An Abkhazian opposition bloc has announced its intent to protest on 30 May in Sukhumi (Sukhum). They are demanding the government’s resignation for acting against the interests of Abkhazians and excluding them from public life.
Adgur Ardzinba, the head of the nationalist opposition Abkhaz People’s Movement, announced his bloc’s intent to protest after the passing of a two-week deadline given to President Aslan Bzhaniya to meet their demands.
They had earlier demanded the dismissal of Prime Minister Alexander Ankvab’s government, a moratorium on the increase in electricity prices, the annulment of the Pitsunda dacha deal, and the withdrawal of government plans to submit a controversial ‘law on apartments’.
Members of Abkhazia’s opposition and civil society have openly criticised the Pitsunda dacha deal since last year, which would see the transfer of a Soviet-era dacha to Russia.
[Read more on OC Media: Abkhazia’s youth protest the Pitsunda dacha deal]
The ‘law on apartments’ is a bill proposed by the government that would regulate the construction and sale of non-residential real estate. Critics of the proposed law fear that it would be used to circumvent Abkhaz laws that ban the sale of real estate to foreigners.
Speaking at the meeting in which the protest was announced, the head of the Abkhaz People’s Movement, Adgur Ardzinba, accused the government of working against ‘national interests’ and of contributing to making the Abkhaz people ‘a minority in Abkhazia’.
‘Everything that is being promoted: the law on apartments, the validation of foreign legal verdicts in Abkhazia, and so on — all this aims to exclude the Abkhaz people from tomorrow’s state government agenda, to make Abkhazia a place for significant capital of the oligarchs’, said Ardzinba.

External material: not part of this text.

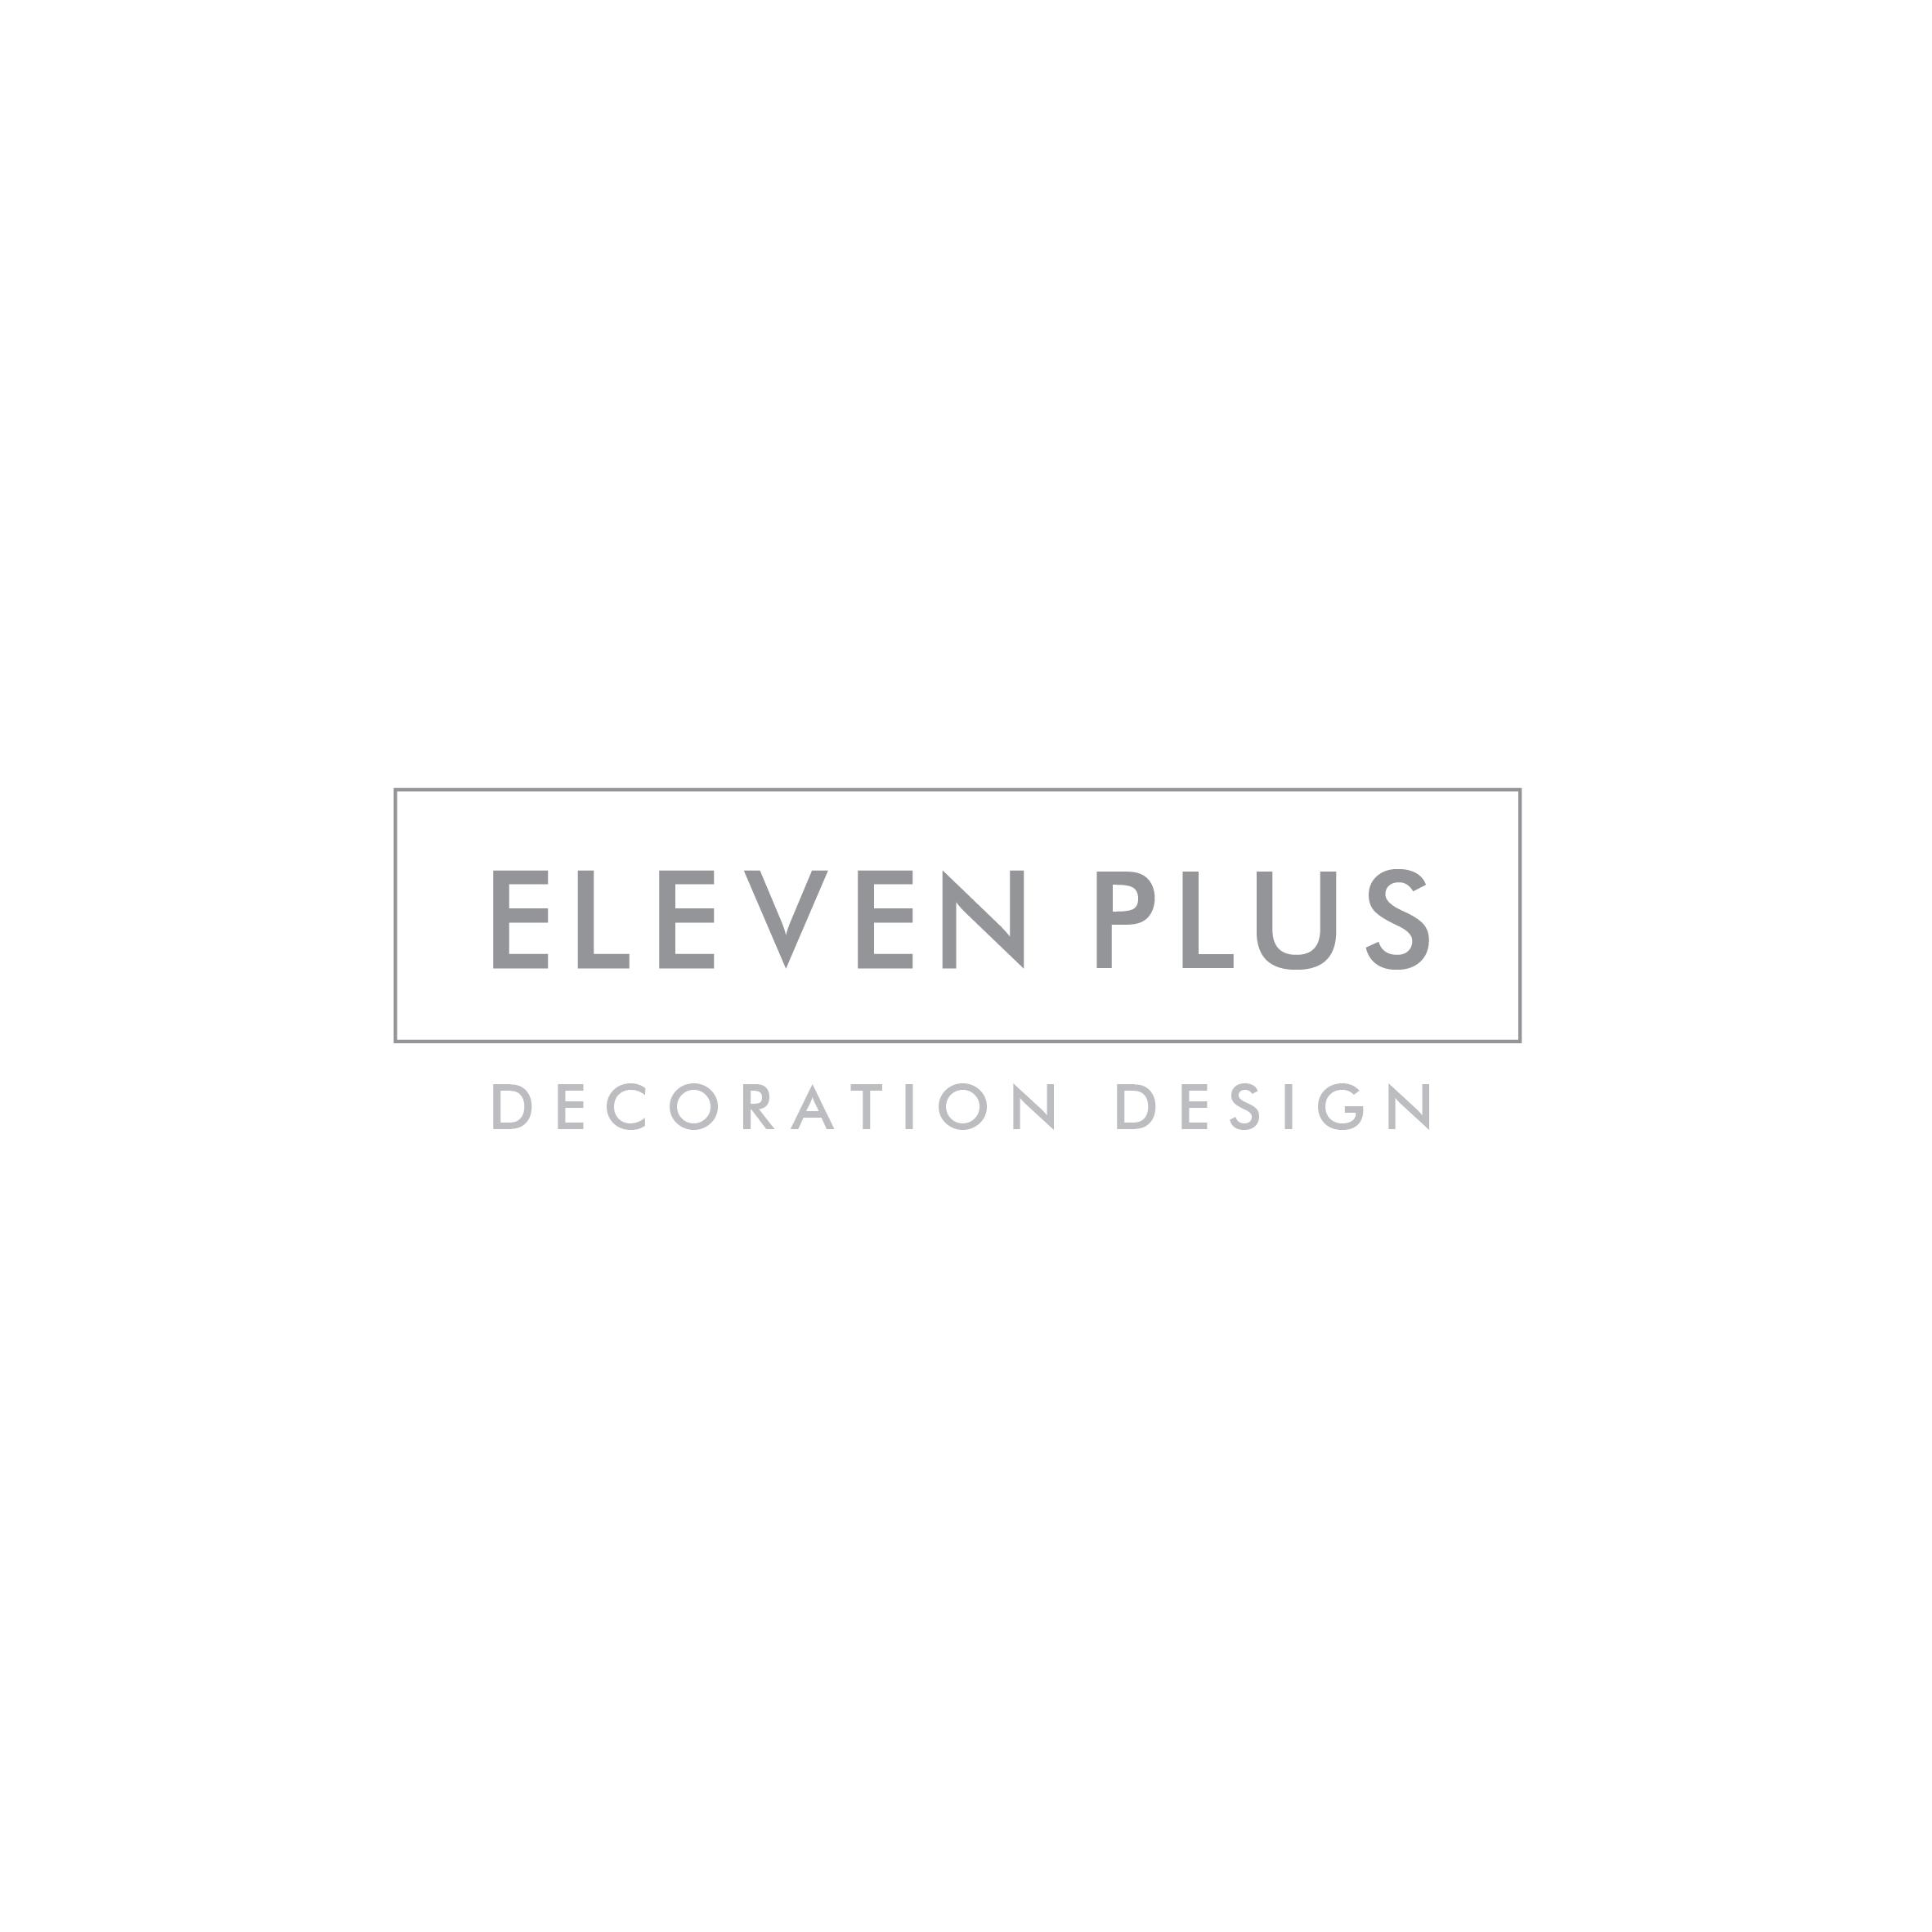 Eleven Plus Decoration Studio

Hina Dumaa, a member of the movement, said during the meeting that the bloc has ‘exhausted all possibilities of dialogue with the current government’.
‘[The government’s] focus is on populating the country, selling strategic assets, impoverishing the population with exorbitant electricity tariffs, and destroying the main areas of state activity, such as the nation’s health, education, and national security’, Dumaa said.

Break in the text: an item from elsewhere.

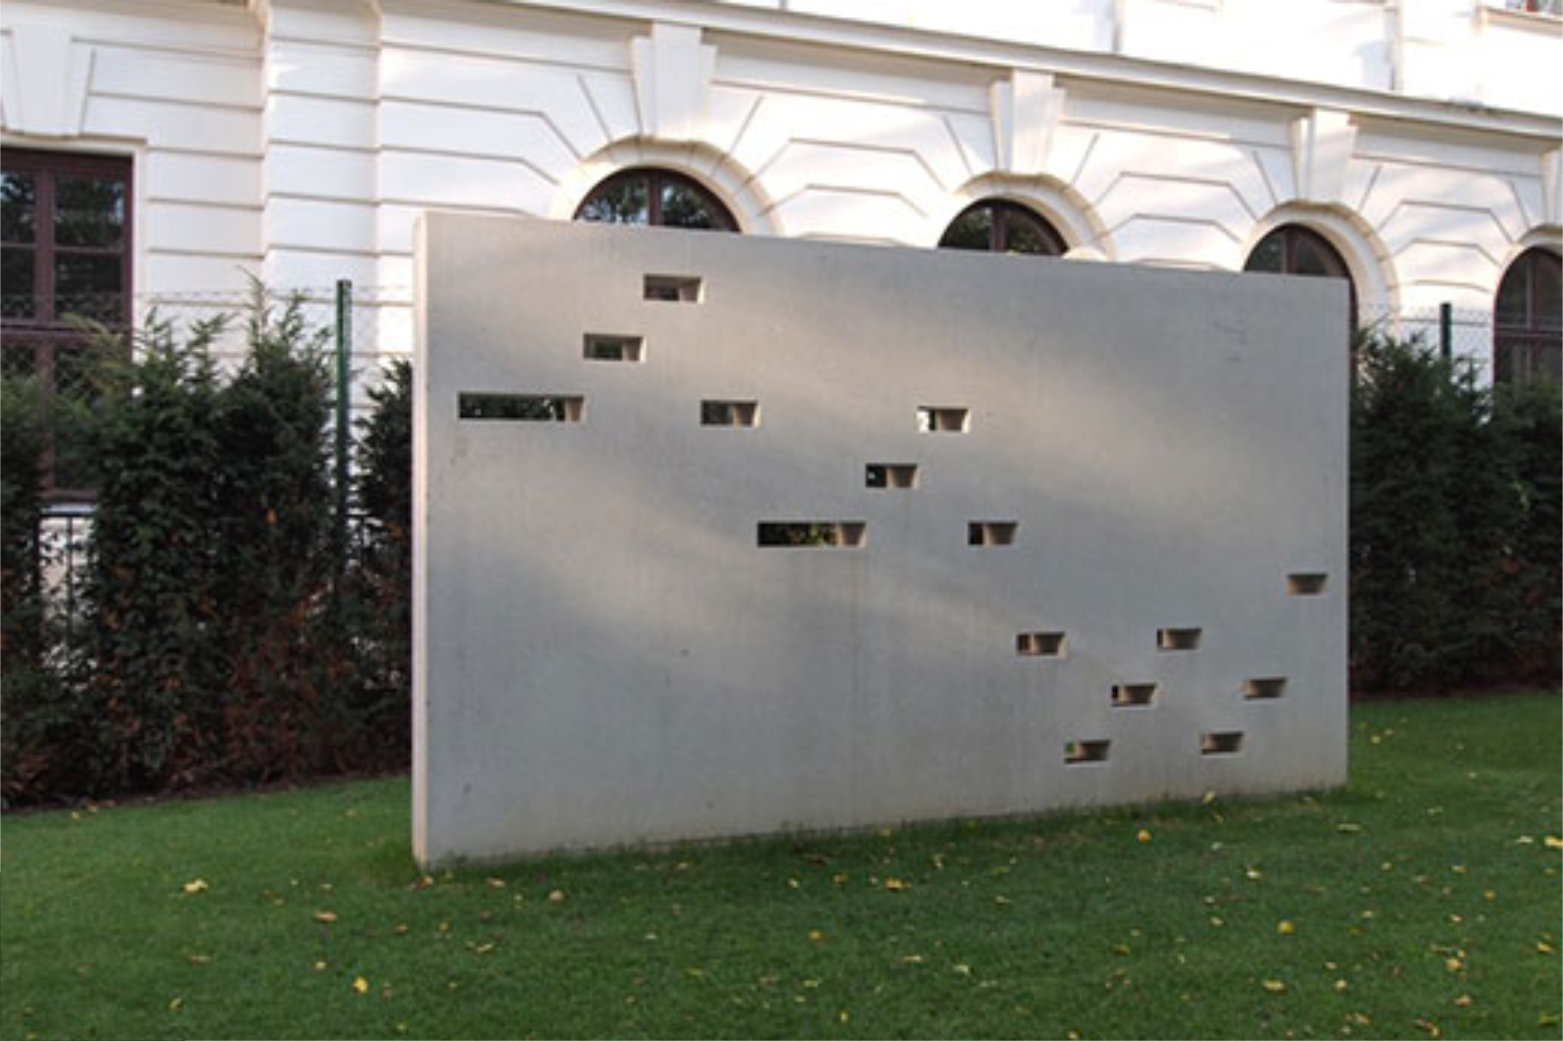 Josef Lehner GmbH Partitur aus Beton

‘They leave us no choice but to call on all of you to take to the streets to force the current government to stop.’
The Abkhaz People’s Movement leads a bloc of opposition groups including Aruaa, a veteran’s group, the Forum of Abkhazia’s National Unity, and Apsny, a political party.
They announced in late April that they were coming together to prevent the ‘disappearance of the Abkhaz people’, accusing Sukhumi of promoting foreign interests at the expense of the lives and livelihoods of ethnic Abkhazians.
Said Butba, a member of the Union of Veterans and Youth, says that the bloc had held meetings with people in different areas.
‘This is not a rally of a certain person or a certain group [...] this is what our citizens are asking for’, said Butba. ‘People asked to be heard on relevant issues so that they could influence the situation’.
A cabinet meeting behind closed doors
As the opposition bloc announced its protest, ministers of Ankvab’s government held a meeting in the Presidential Administration open only to state media and journalists from Sputnik, a Russian state-owned news agency.
At the meeting, Deputy Prime Minister and Economy Minister Kristina Ozgan said that electricity prices in Abkhazia were ‘justified’.
‘To put it bluntly, the statement that we have unreasonably increased prices is an absolute absurdity’, said the minister.
Abkhazia has been struggling to address an energy shortfall since last year, having almost doubled electricity prices and introduced rolling blackouts in the region.
Labour Minister Ruslan Adzhba addressed opposition concerns about Abkhaz people being unable to withdraw Russian pensions from ATMs. He said that Moscow had frozen the transfer of pensions to Abkhaz banks because some people were fraudulently receiving the pensions of deceased relatives.
Djansukh Nanba, the head of the Presidential Administration, spoke in favour of adopting the law on apartments in Abkhazia, which he stated would help regulate and legitimise the construction of commercial buildings.
‘The state budget does not receive the appropriate revenues to the budget, [...] and secondly, the relationship between the seller and the buyer is not entirely clear’, he said during the meeting. ‘It is unclear and difficult to predict what all this can lead to […] The law will allow us to regulate the relationships in our country today’.
For ease of reading, we choose not to use qualifiers such as ‘de facto’, ‘unrecognised’, or ‘partially recognised’ when discussing institutions or political positions within Abkhazia, Nagorno-Karabakh, and South Ossetia. This does not imply a position on their status.